▽
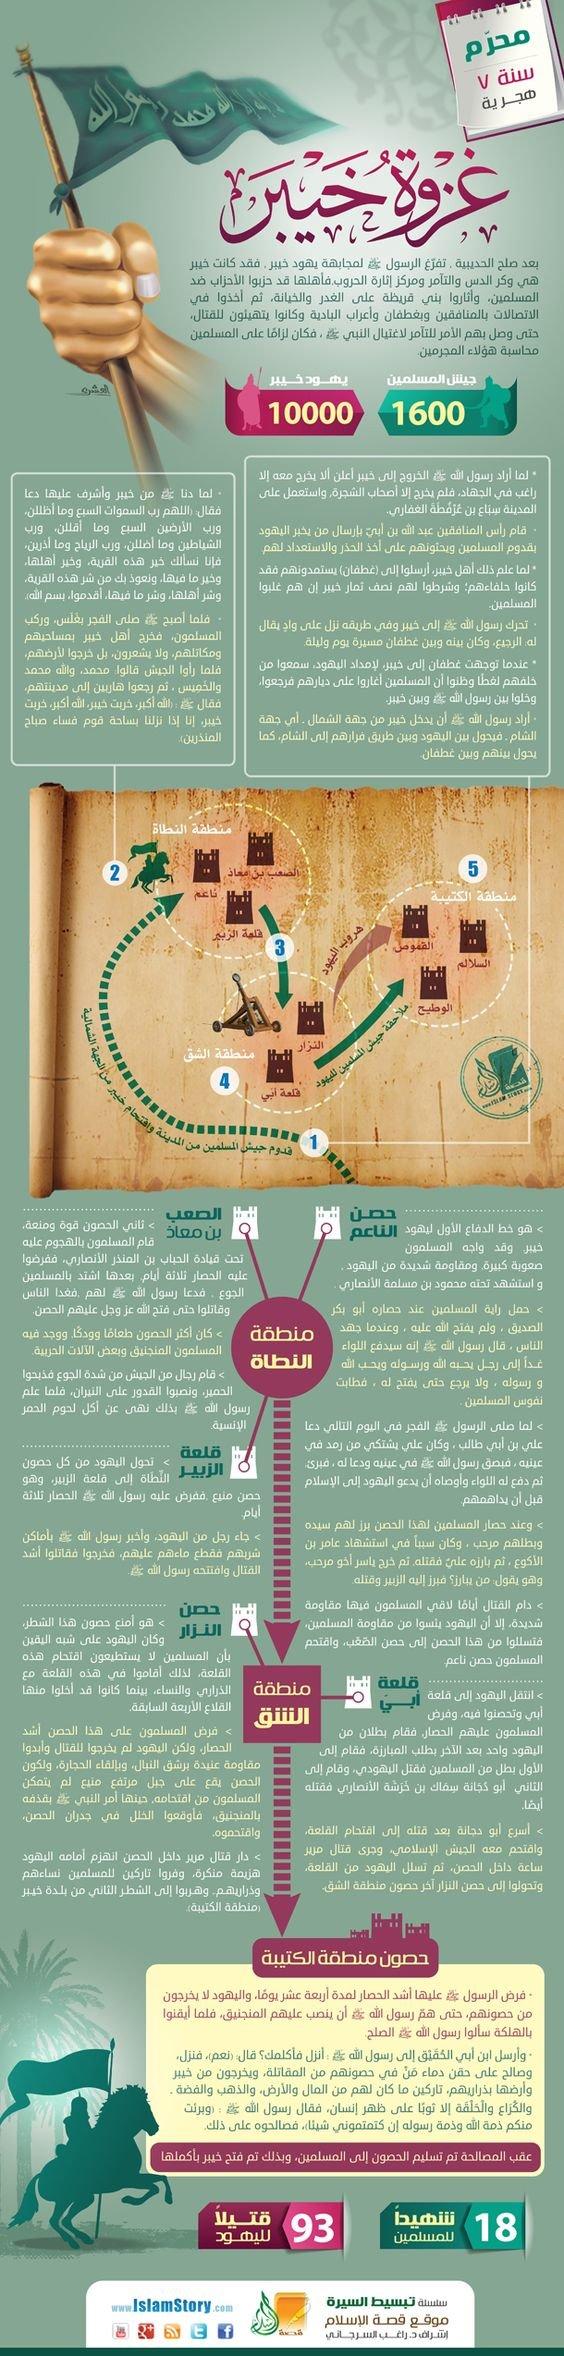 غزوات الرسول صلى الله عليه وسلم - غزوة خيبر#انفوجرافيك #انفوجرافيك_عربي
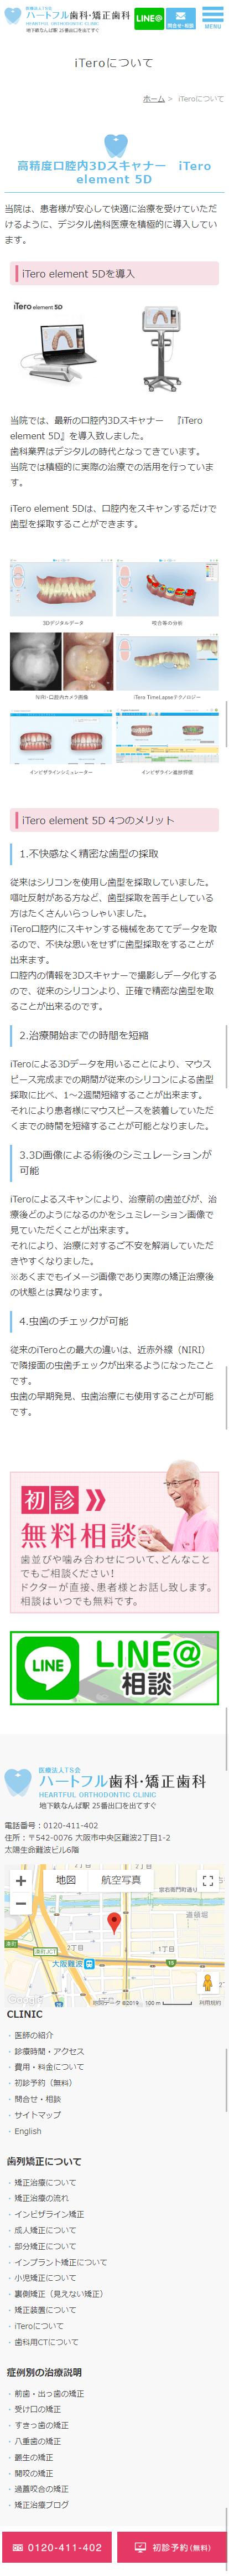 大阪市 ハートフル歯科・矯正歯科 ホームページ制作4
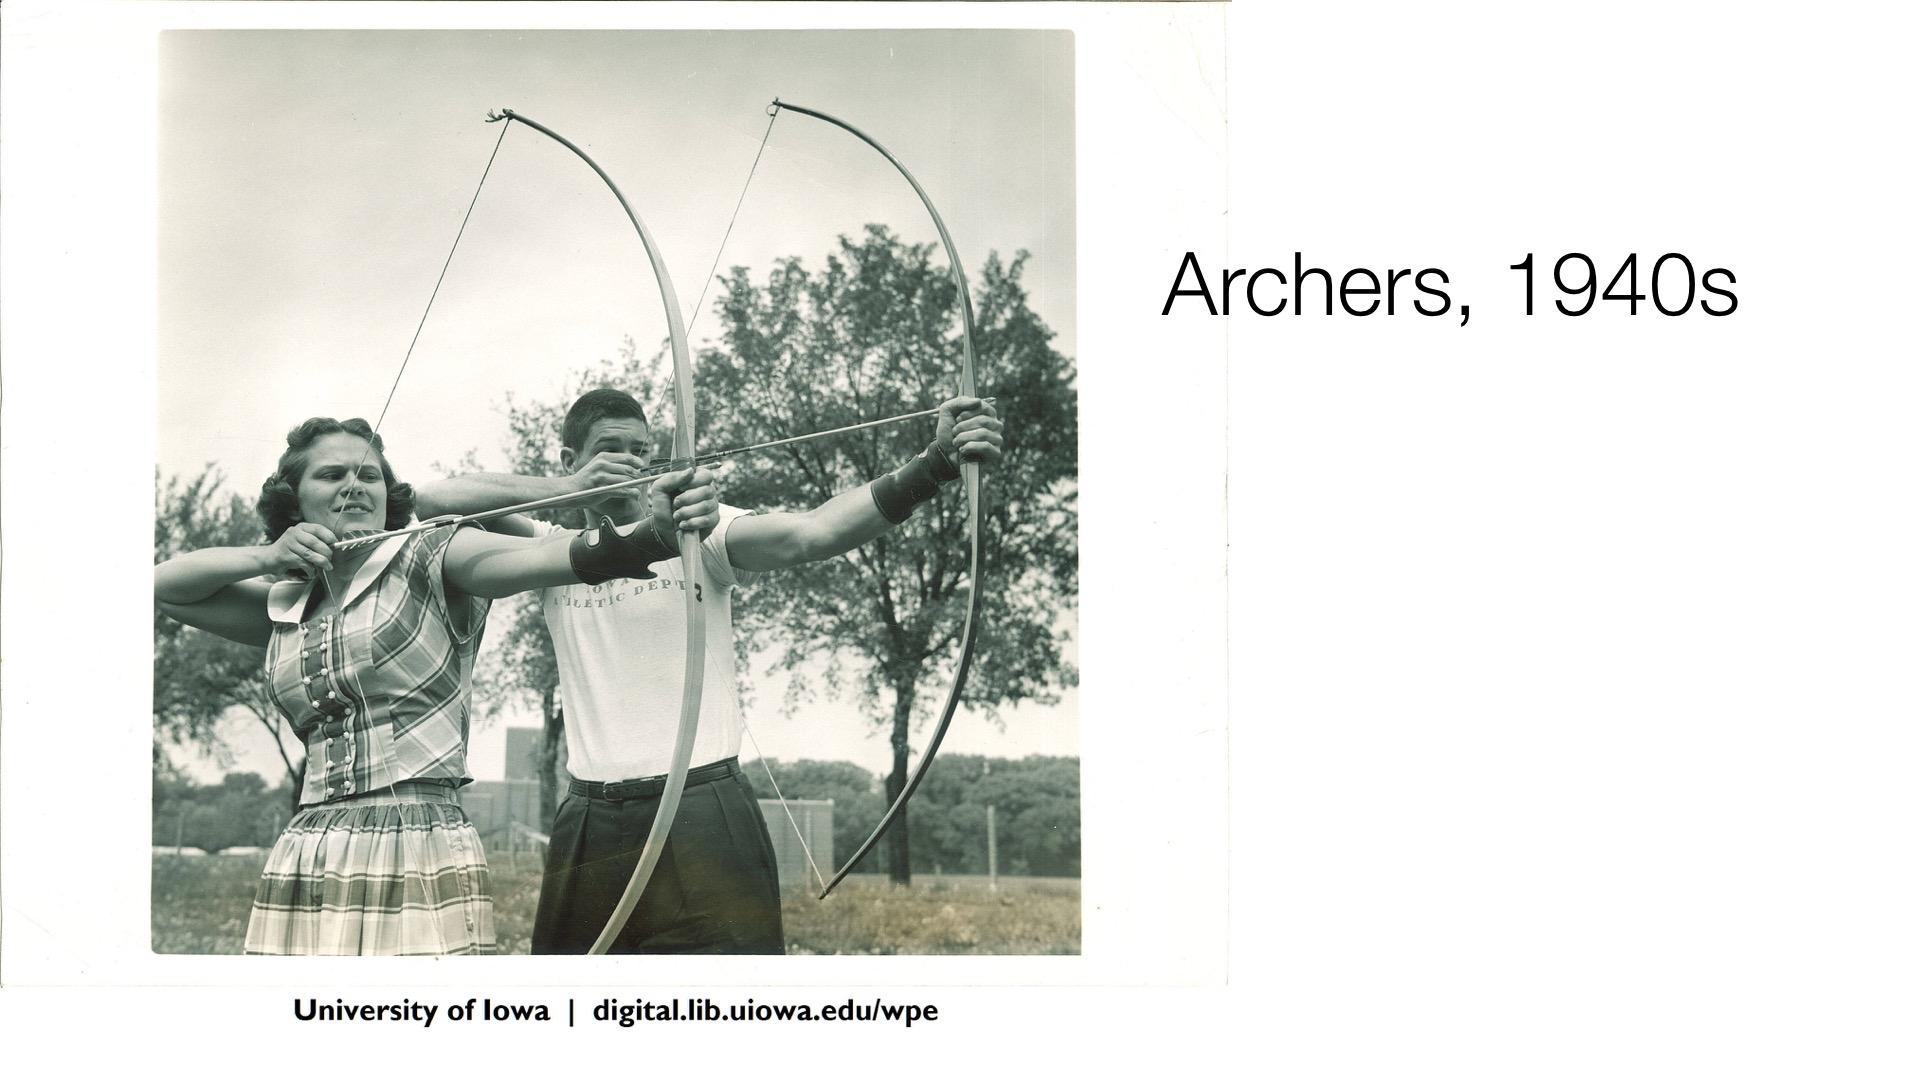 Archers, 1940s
△
▽
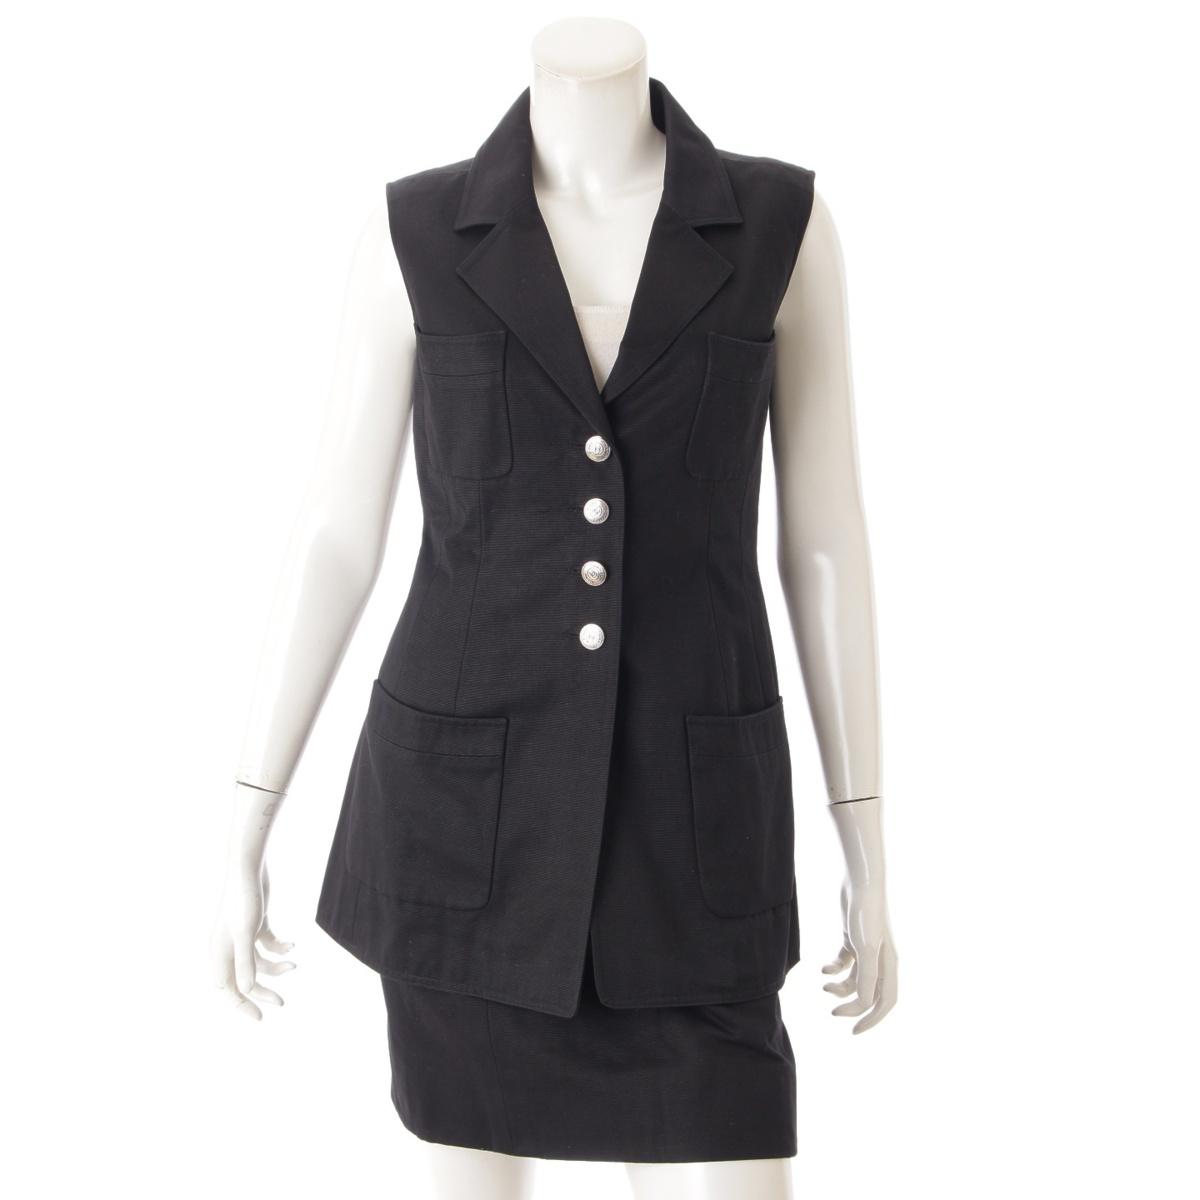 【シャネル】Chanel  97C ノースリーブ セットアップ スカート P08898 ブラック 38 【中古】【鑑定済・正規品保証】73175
△
*WORK INSTRUCTION*
Starting at the line with "غزوات الرسول صلى" and finishing at the line with "Archers, 1940s", copy the material above exactly, both lines included. Nothing else goes in, and no pictures.

*OUTPUT FOR THIS TASK*
 غزوات الرسول صلى الله عليه وسلم - غزوة خيبر#انفوجرافيك #انفوجرافيك_عربي
 大阪市 ハートフル歯科・矯正歯科 ホームページ制作4
 Archers, 1940s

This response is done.